> [DATA RECORDS]:

════════

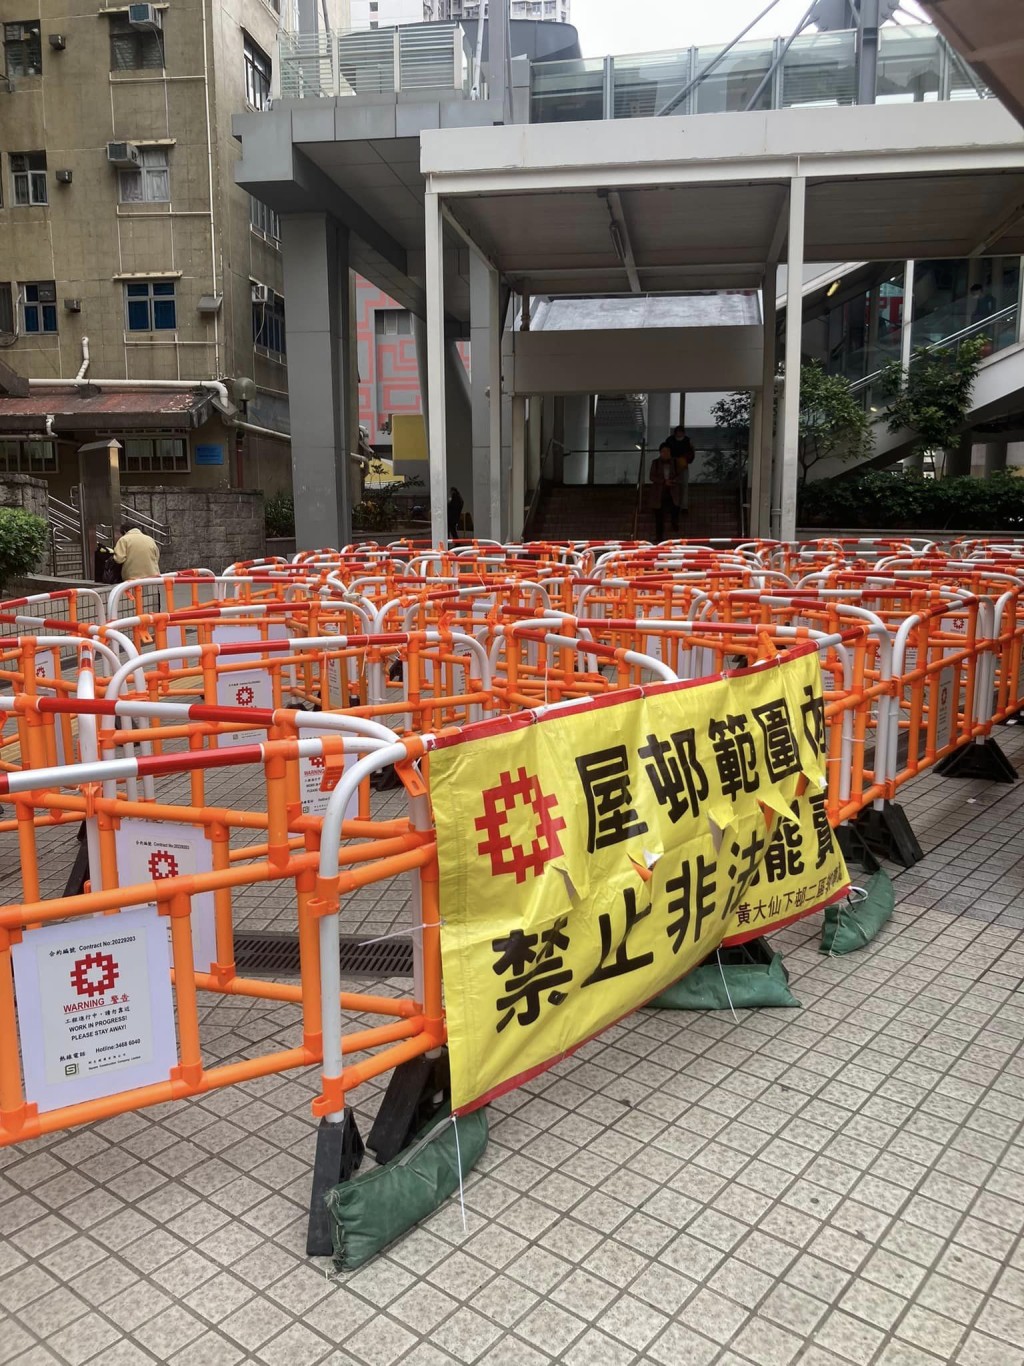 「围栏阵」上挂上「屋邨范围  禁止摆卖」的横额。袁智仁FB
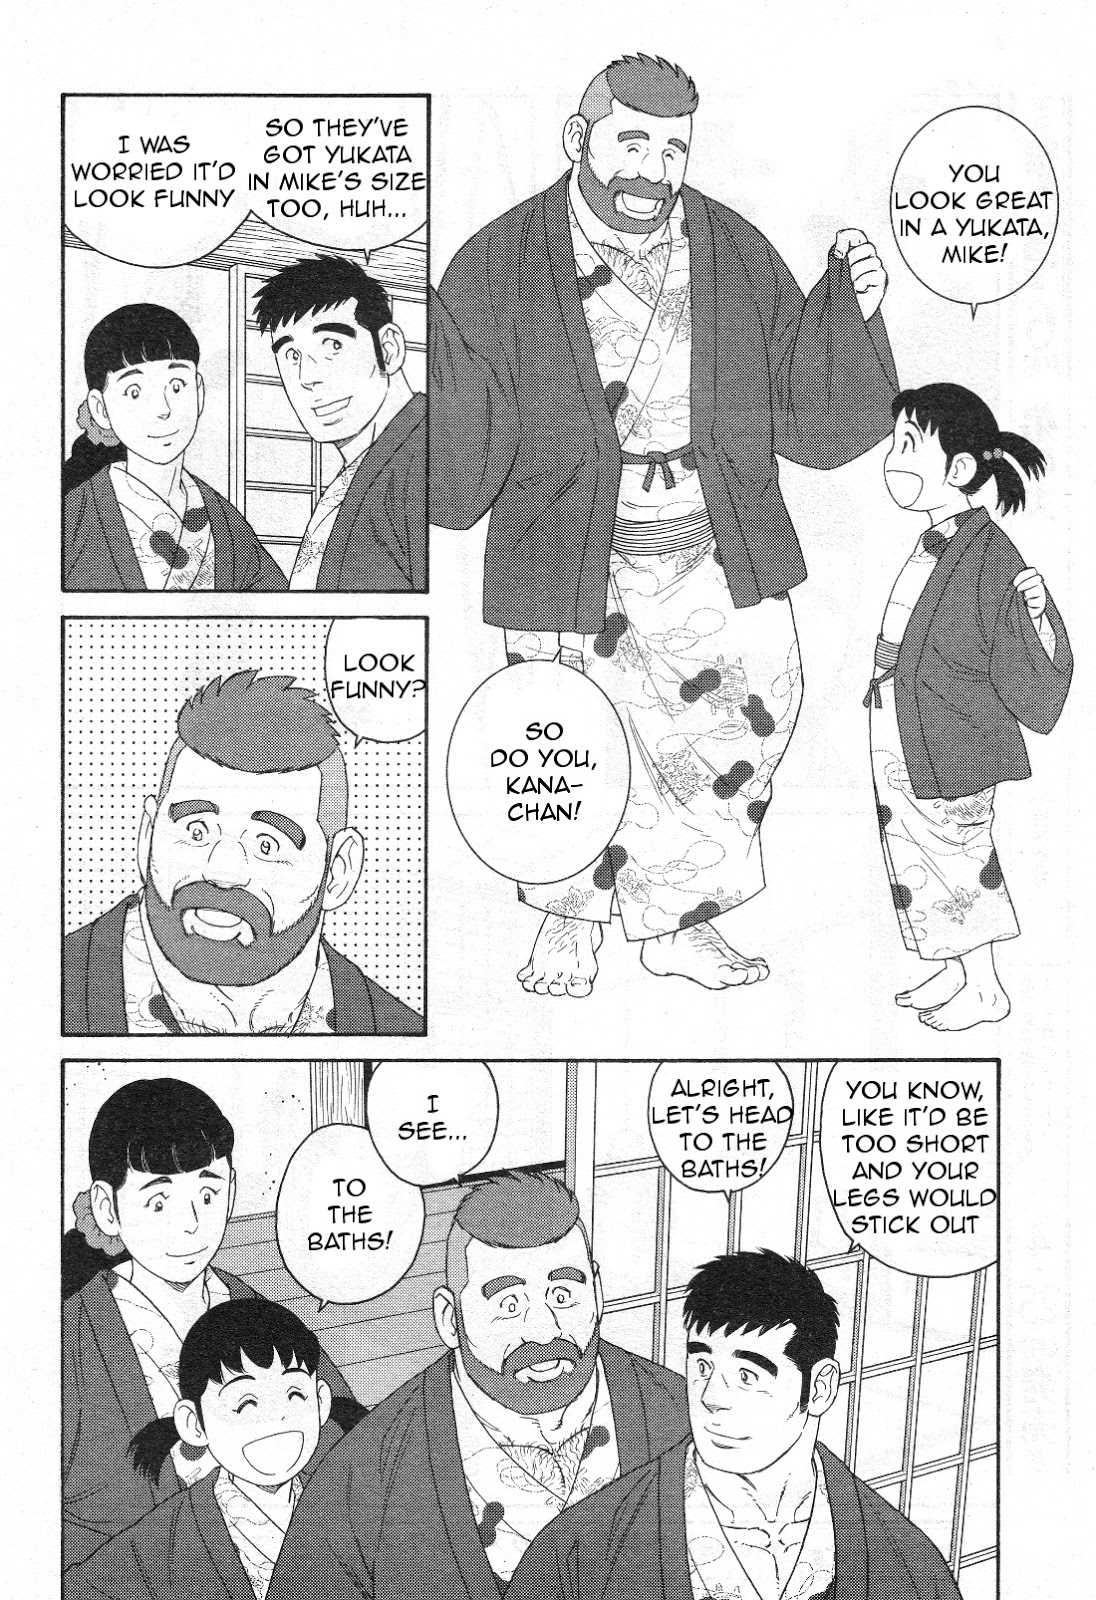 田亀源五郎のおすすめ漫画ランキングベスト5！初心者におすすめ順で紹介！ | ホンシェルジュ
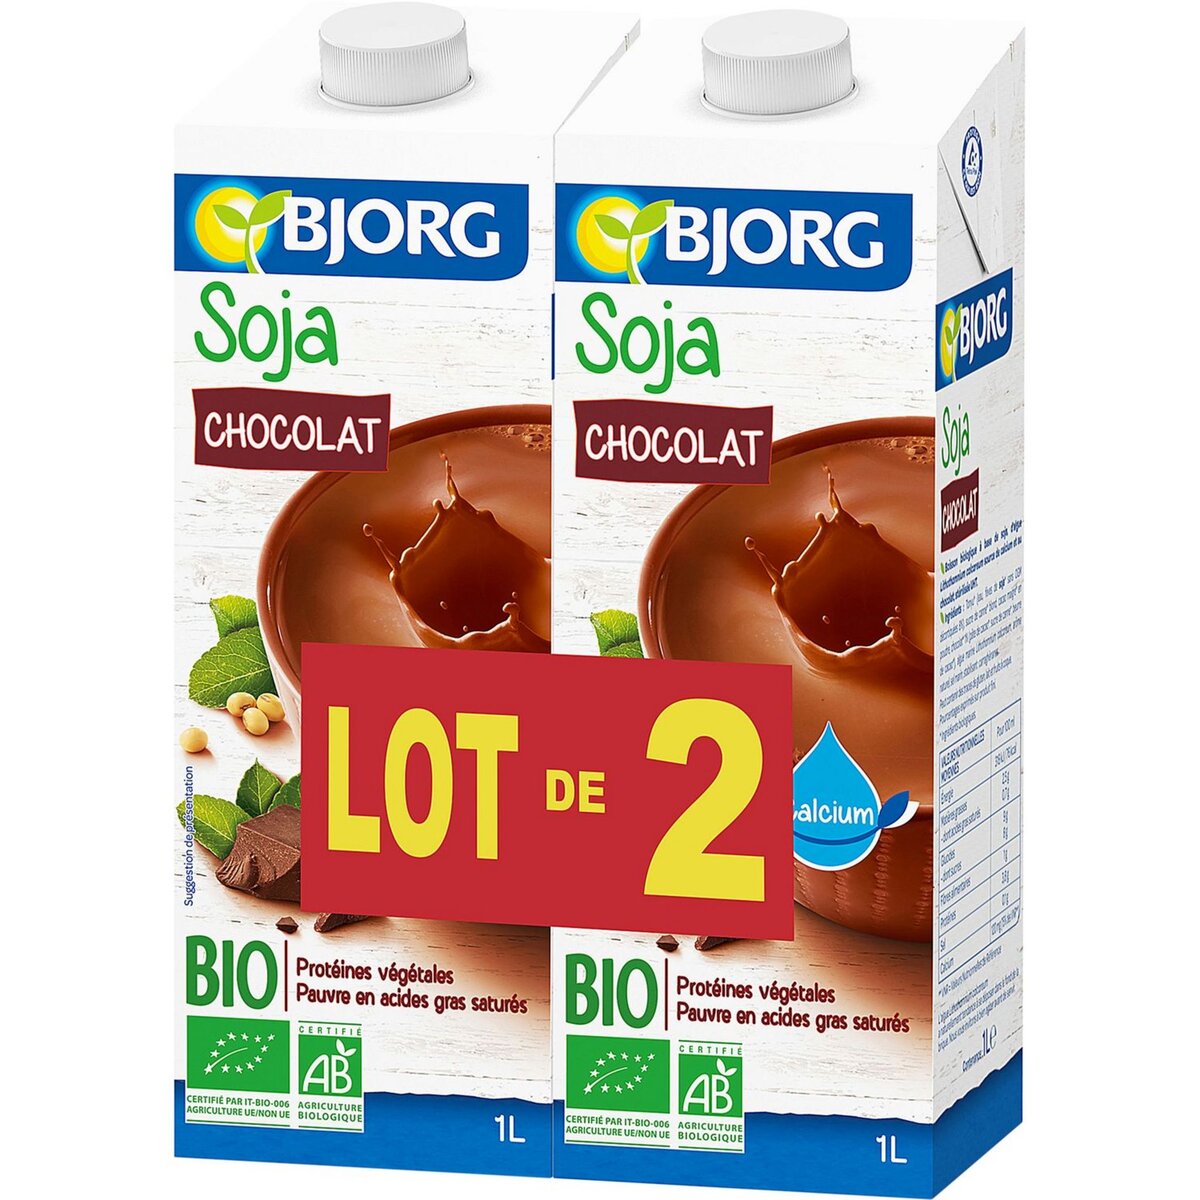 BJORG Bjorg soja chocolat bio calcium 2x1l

════════

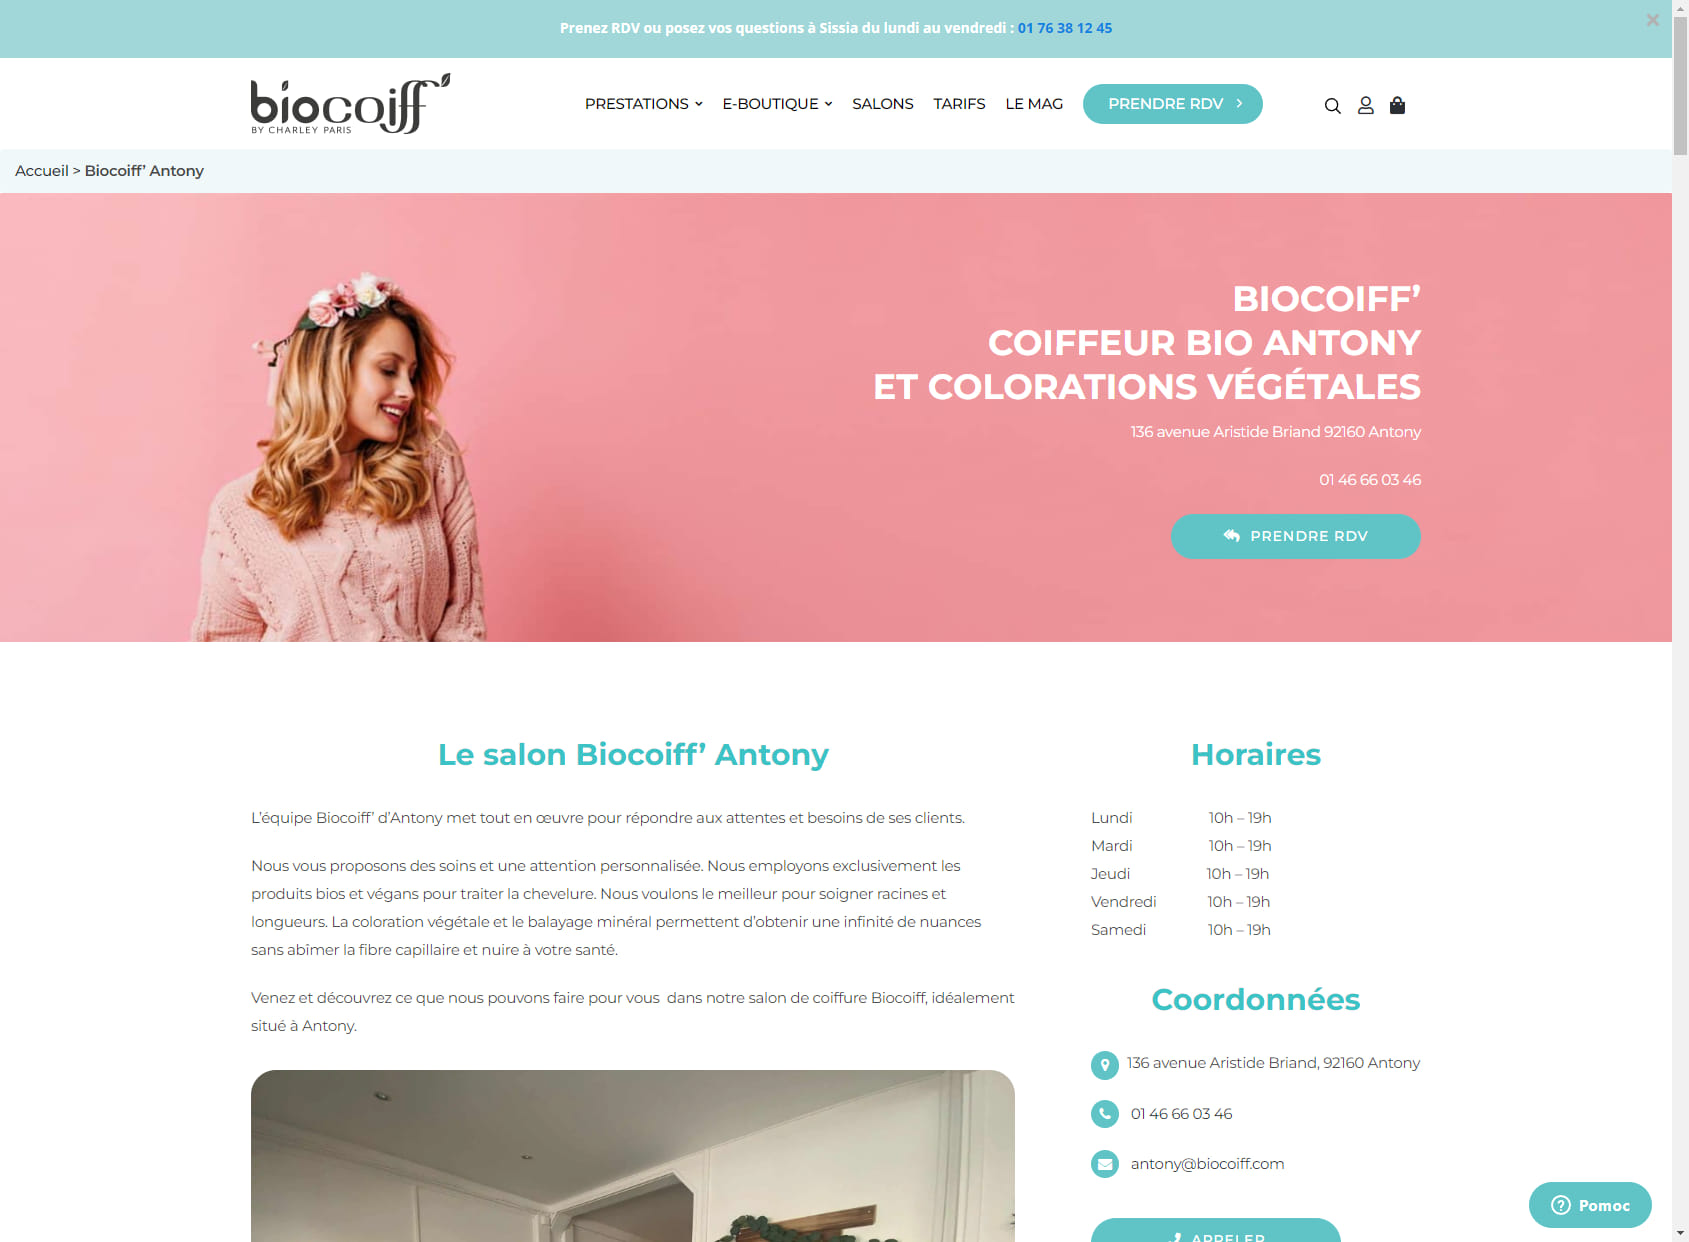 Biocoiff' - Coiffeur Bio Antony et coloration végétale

════════

> [TASK INSTRUCTIONS]:
For this exercise, return exactly the lines above from the line with "田亀源五郎のおすすめ漫画ランキングベスト5！初心者におすすめ順で紹介！ | ホンシェルジュ" through the line with "BJORG Bjorg soja chocolat bio calcium 2x1l", both included. Do not copy the pictures.

> [THE ANSWER]:
 田亀源五郎のおすすめ漫画ランキングベスト5！初心者におすすめ順で紹介！ | ホンシェルジュ
 BJORG Bjorg soja chocolat bio calcium 2x1l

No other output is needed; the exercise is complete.